_Collected material_
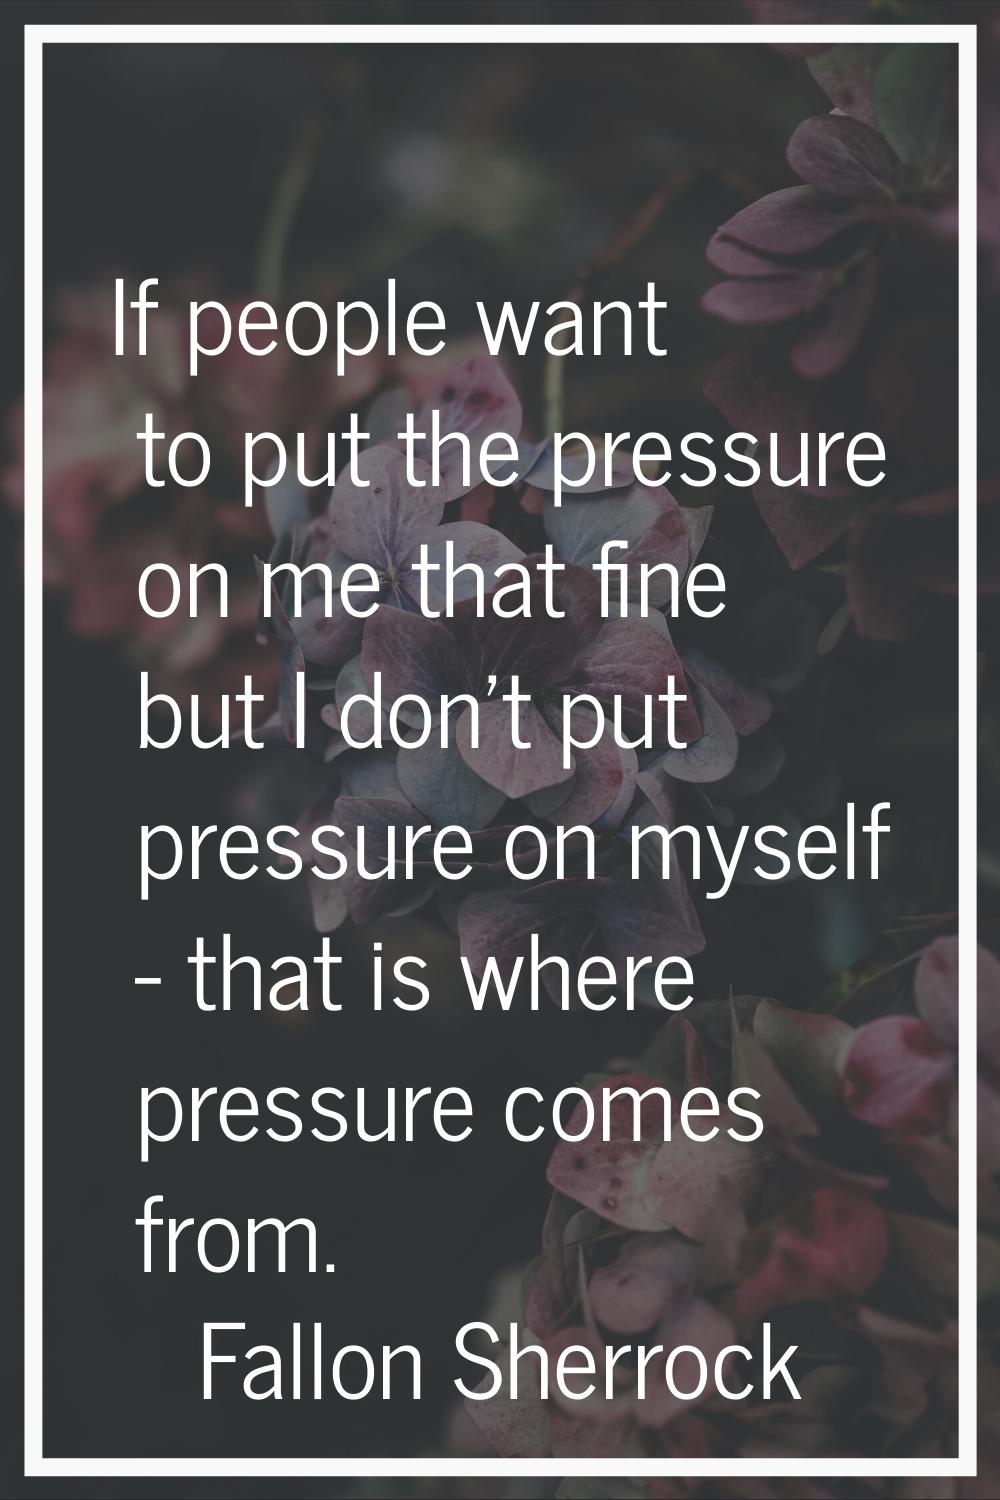 If people want to put the pressure on me that fine but I don't put pressure on myself - that is whe
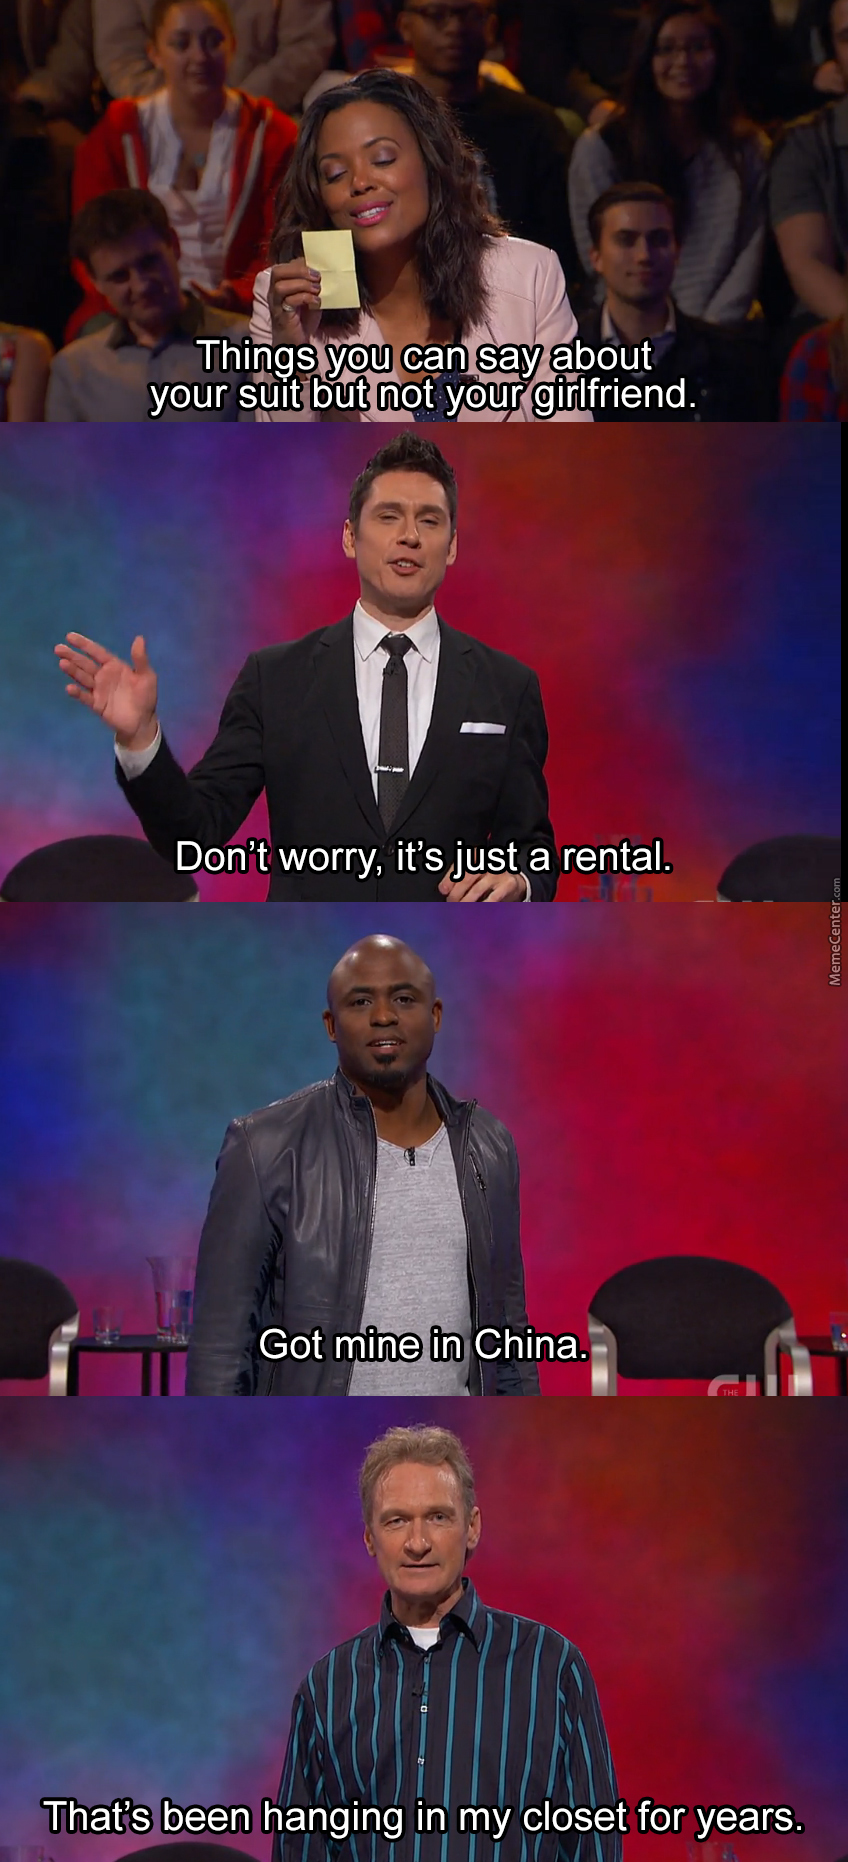 memes - whose line is it anyway best moments - Things you can say about your suit but not your girlfriend. Don't worry, it's just a rental Got mine in China. That's been hanging in my closet for years.
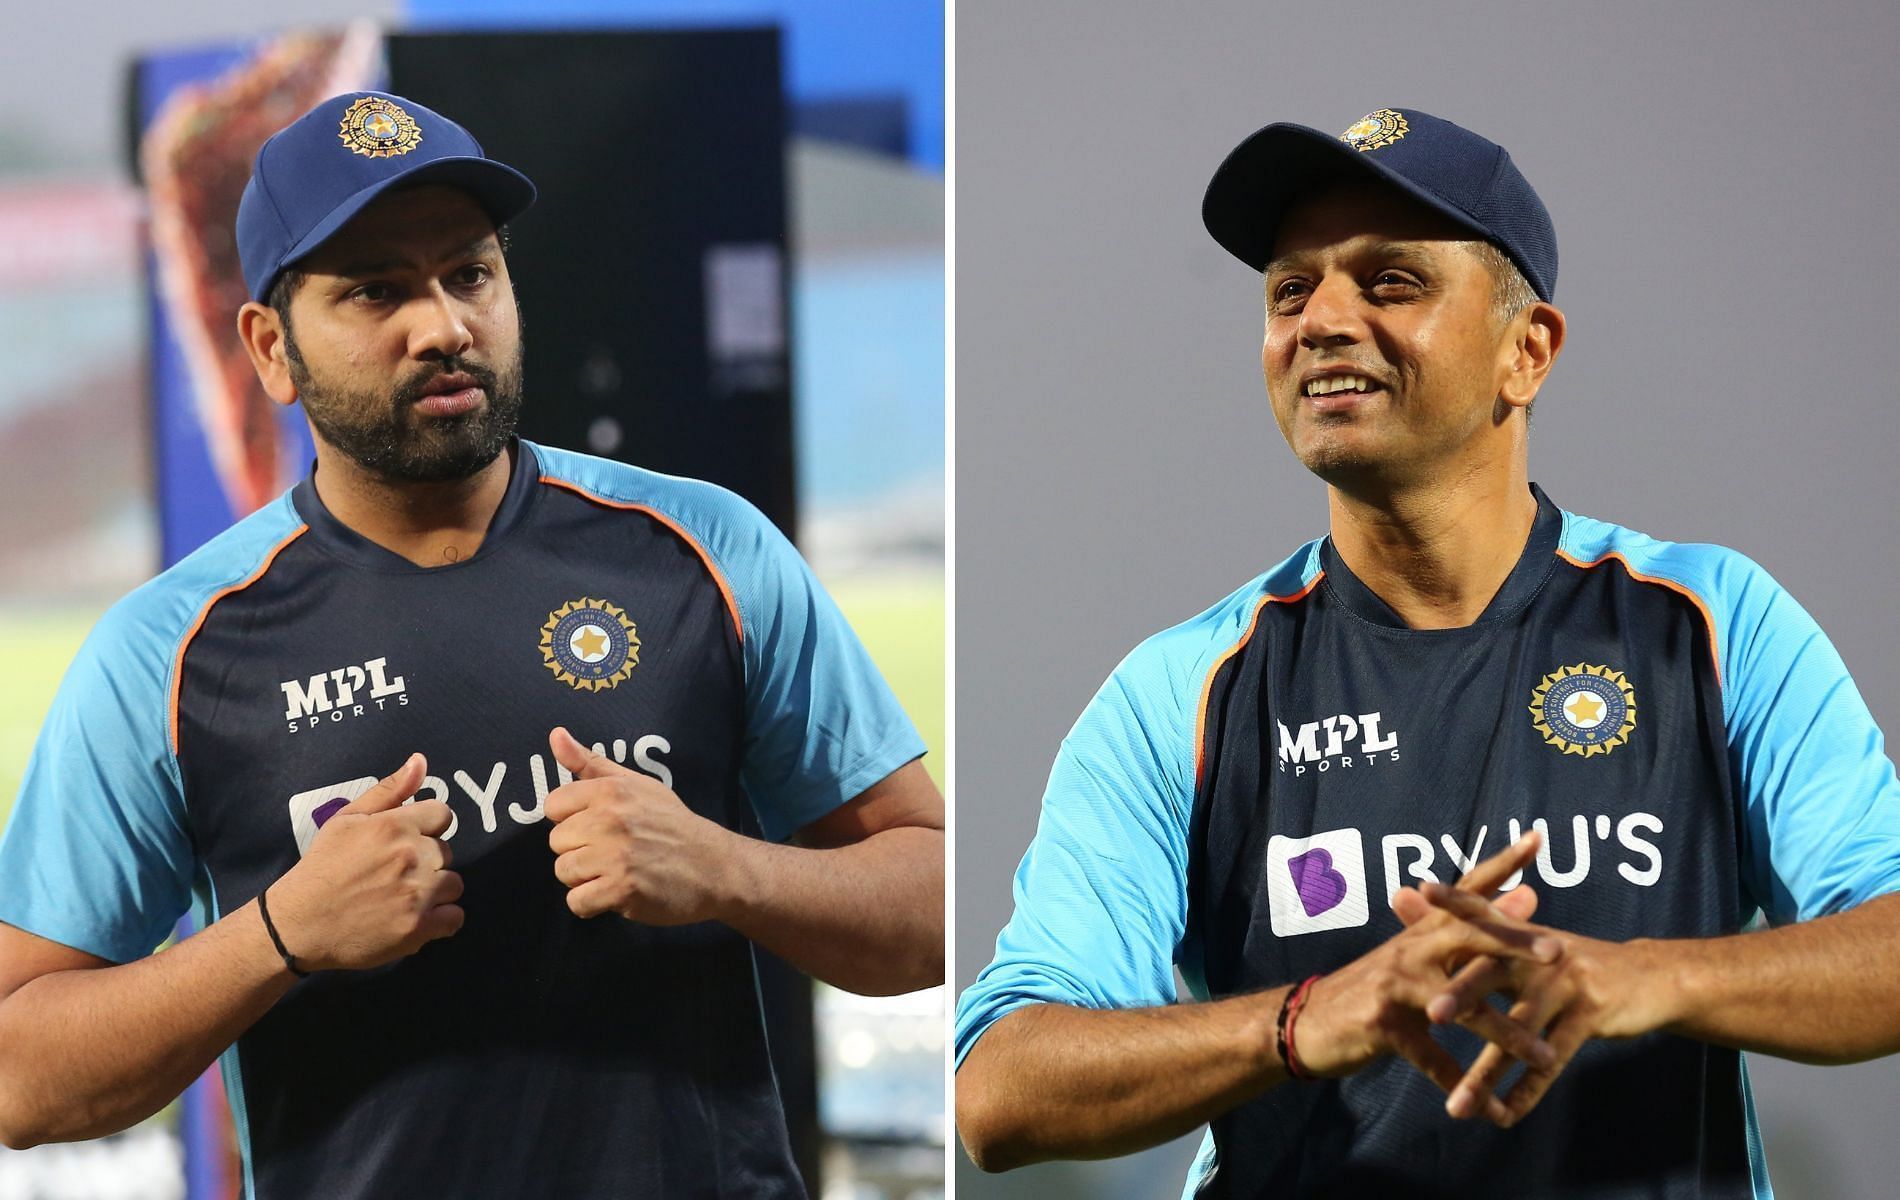 The Indian cricket team looks more flexible under Rahul Dravid and Rohit Sharma (Image: Twitter/BCCI)
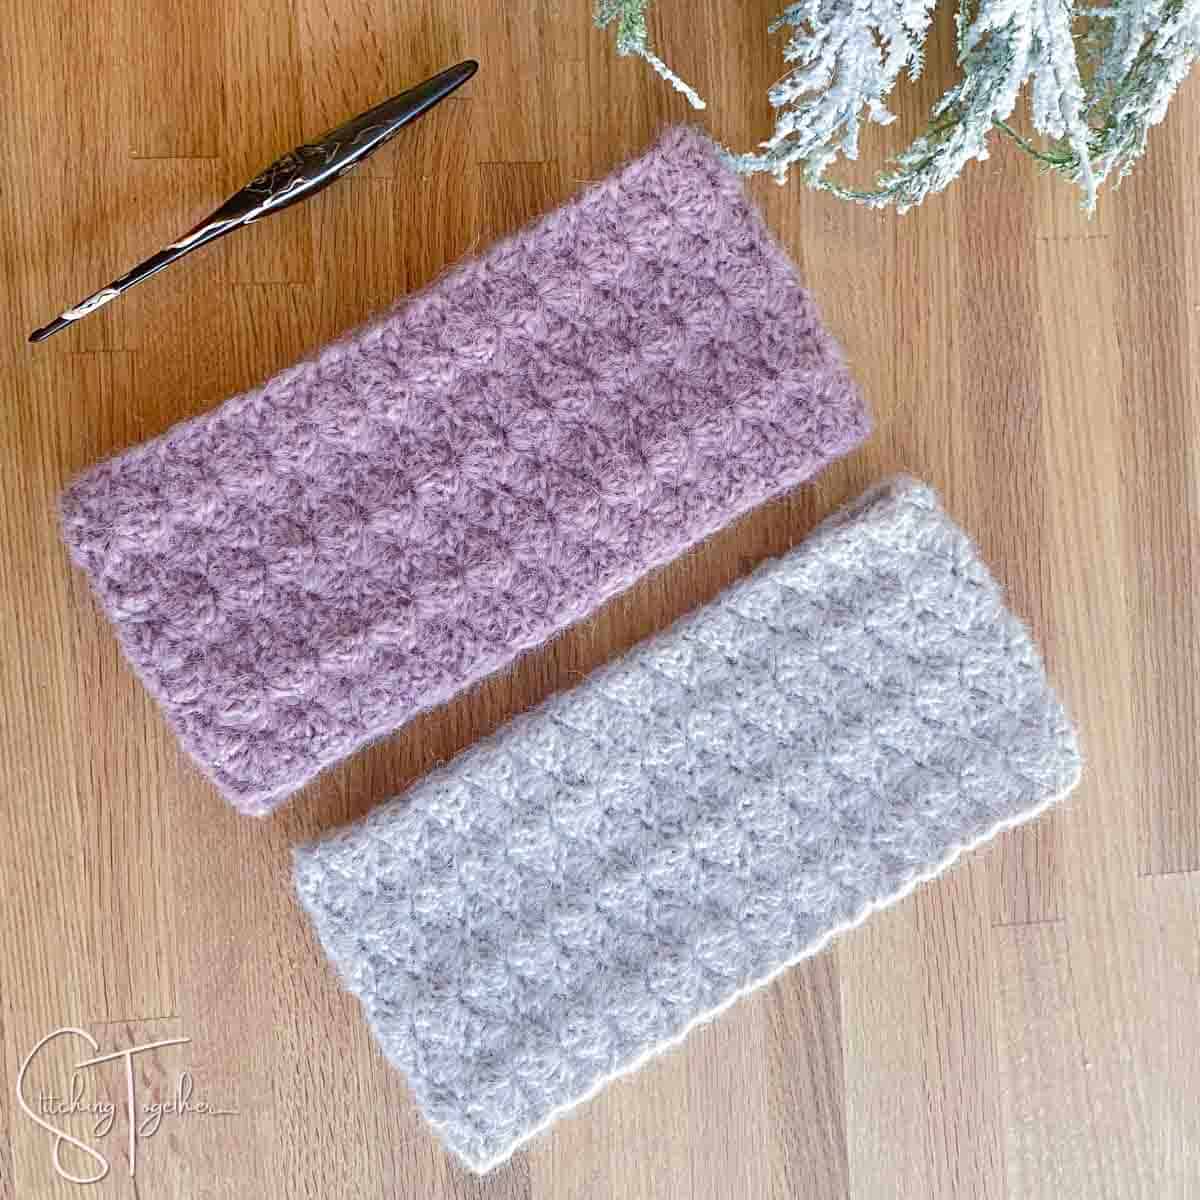 two shell stitch crochet ear warmers laying next to each other with a crochet hook and greenery

_Try it_
Images are not wanted in the copy. Please print the material above exactly.

_Solved problem_
 If people want to put the pressure on me that fine but I don't put pressure on myself - that is whe
 memes - whose line is it anyway best moments - Things you can say about your suit but not your girlfriend. Don't worry, it's just a rental Got mine in China. That's been hanging in my closet for years.
 The Indian cricket team looks more flexible under Rahul Dravid and Rohit Sharma (Image: Twitter/BCCI)
 two shell stitch crochet ear warmers laying next to each other with a crochet hook and greenery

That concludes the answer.